**Information shown:**
+++++

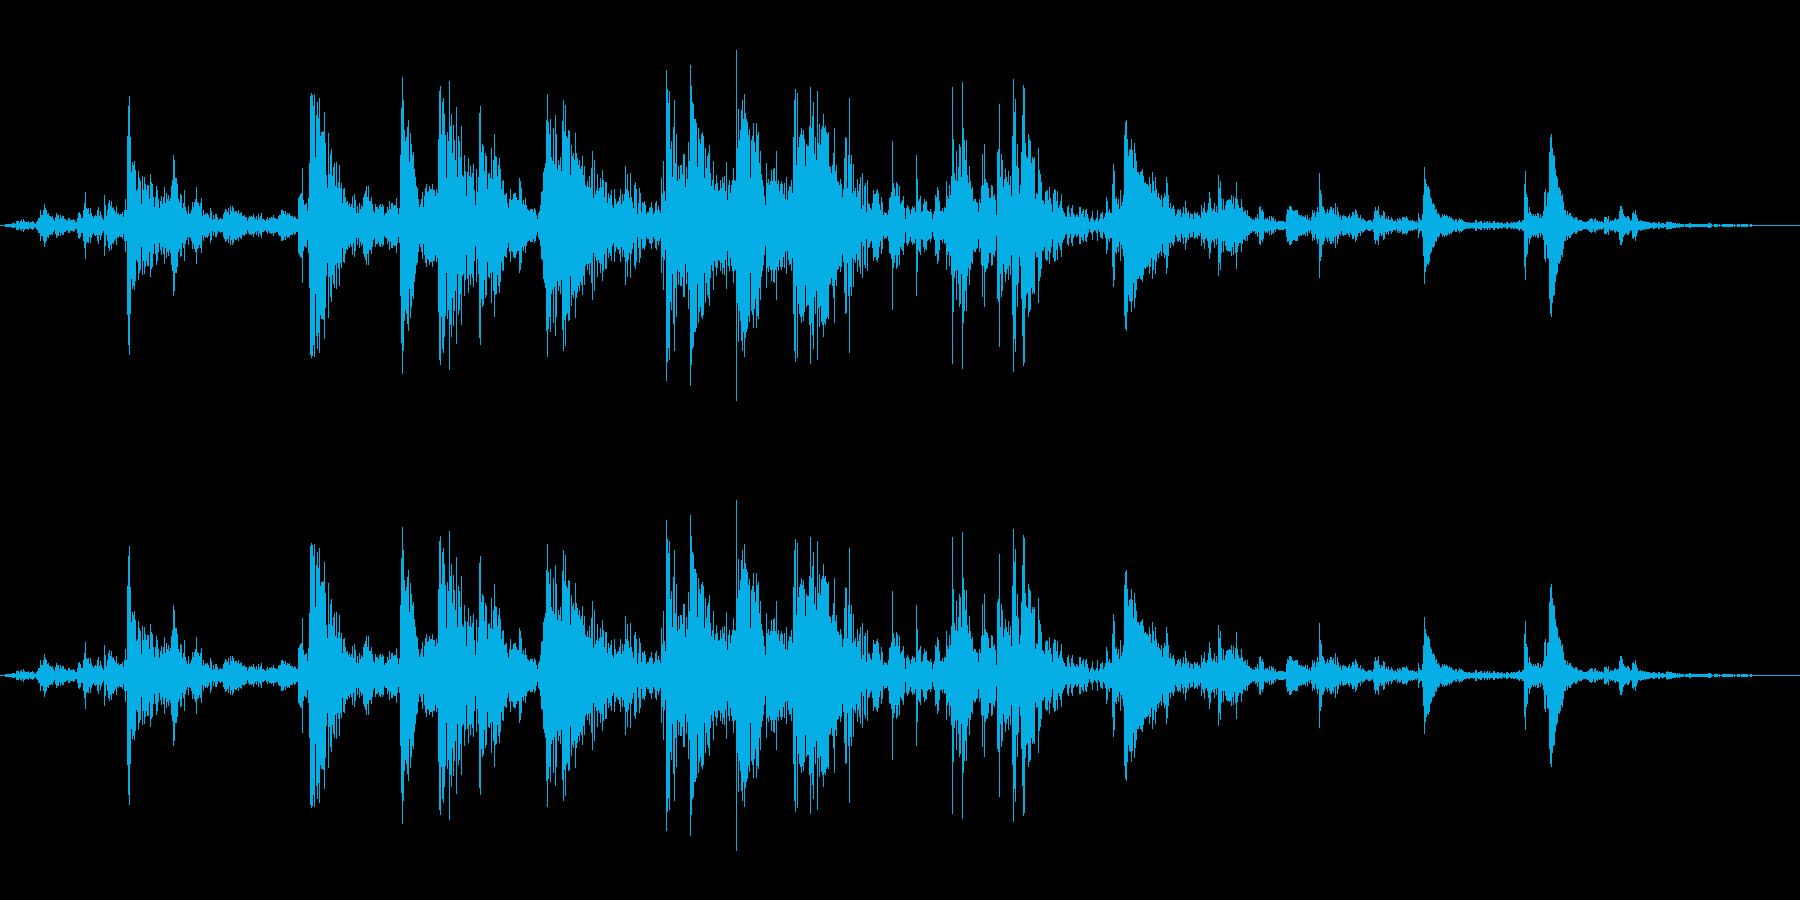 氷を入れる音(カランカラン)の再生済みの波形
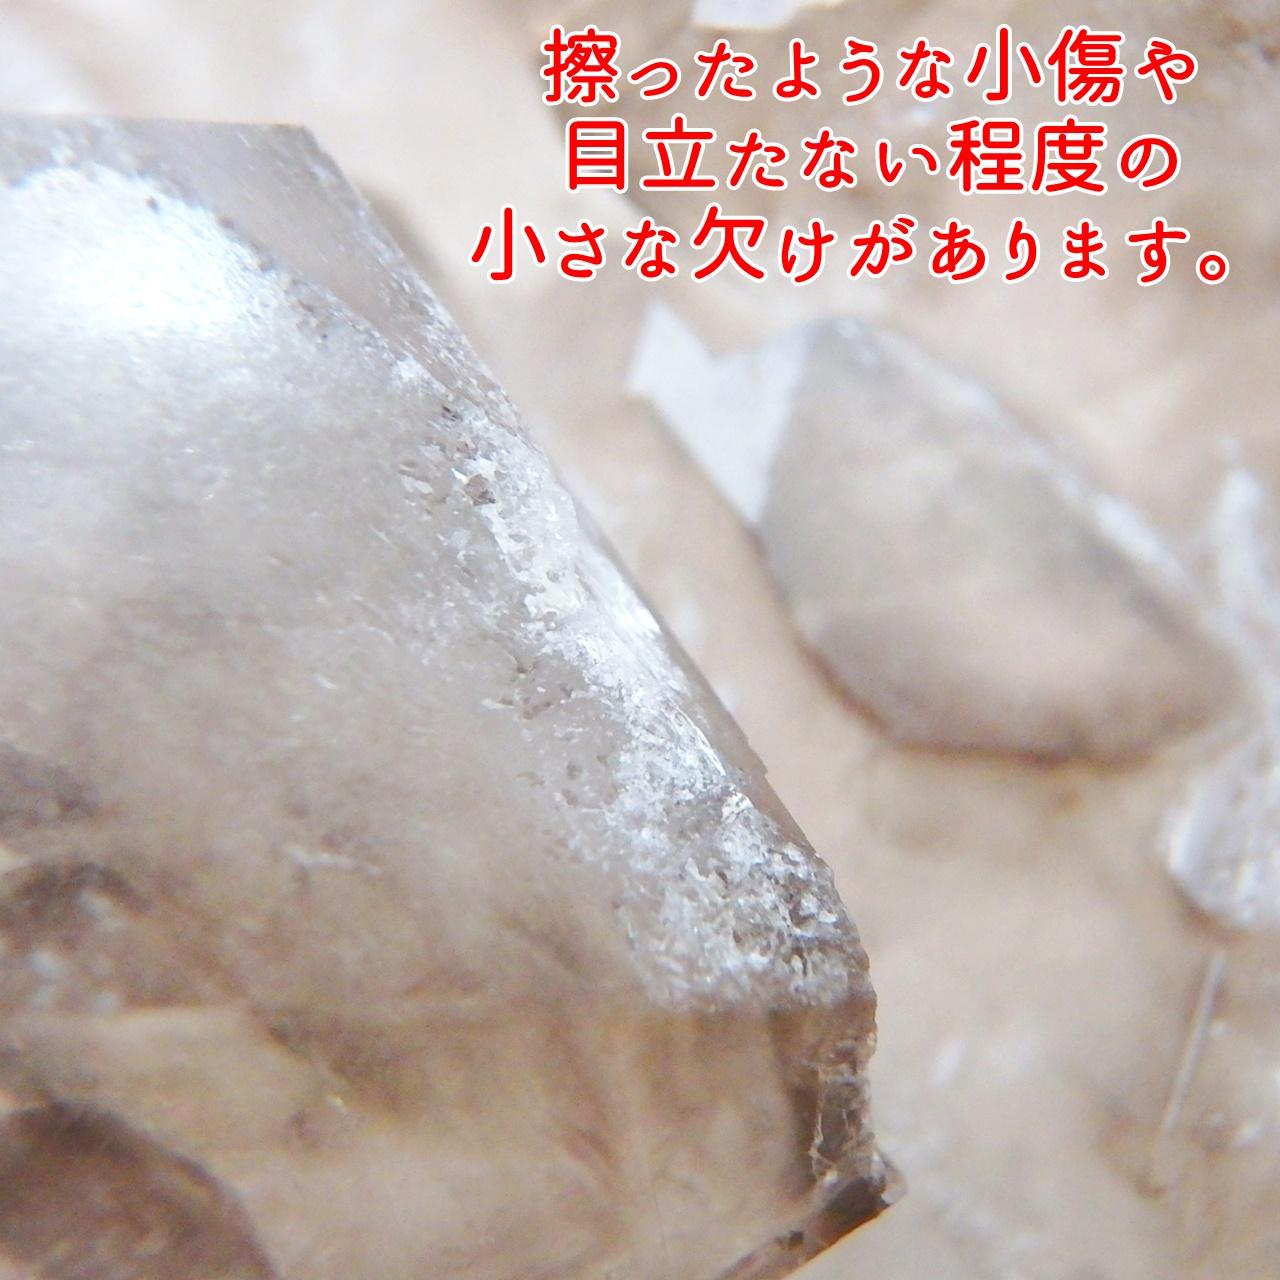 kz-smel01
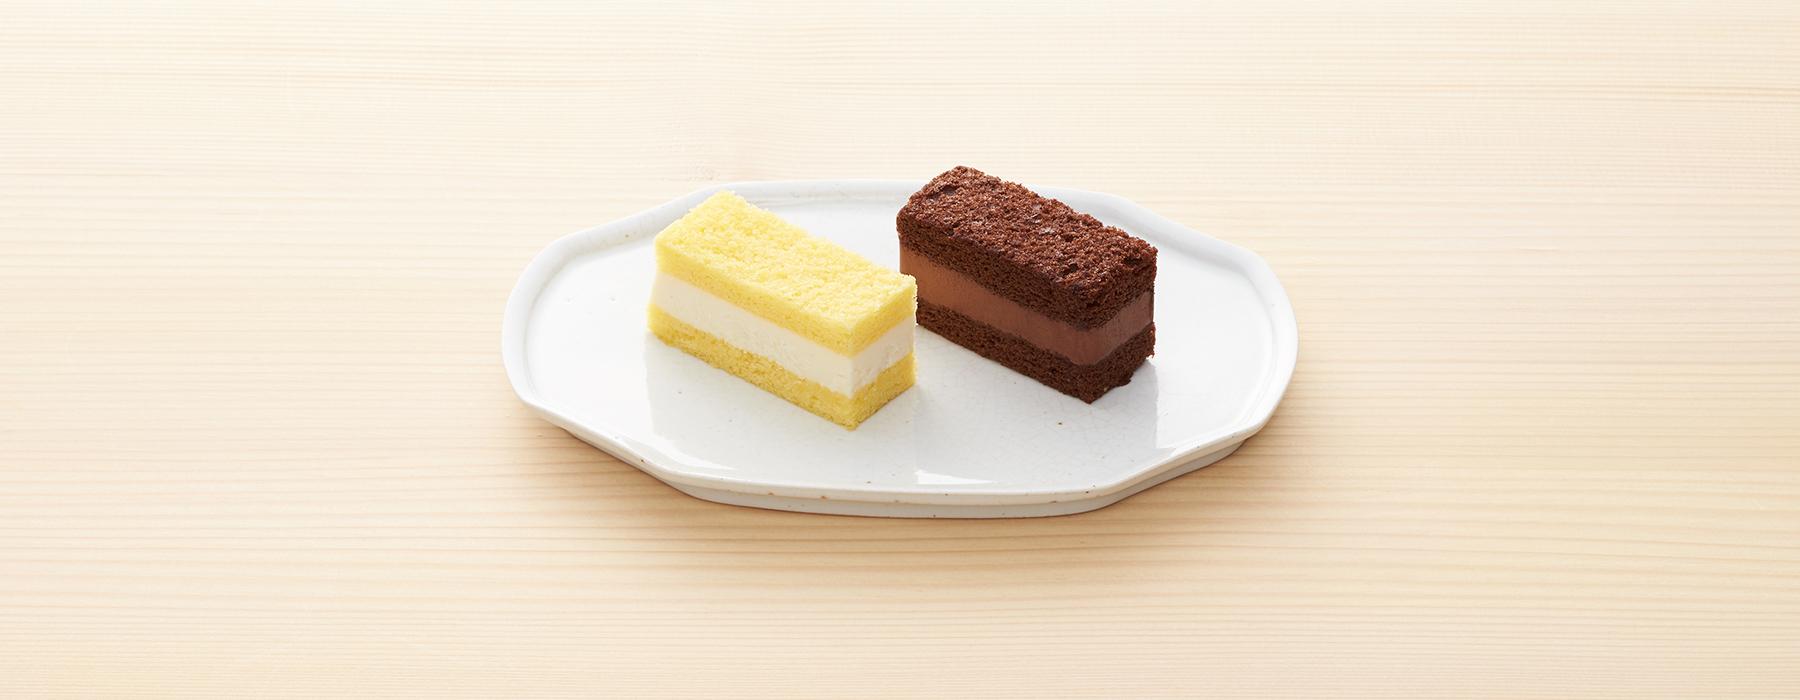 冬のクリームサンドケーキ

+++++

**About this exercise:** Repeat the material above precisely as it appears, omitting the images it contains.

**Written response:**
 氷を入れる音(カランカラン)の再生済みの波形
 kz-smel01
 冬のクリームサンドケーキ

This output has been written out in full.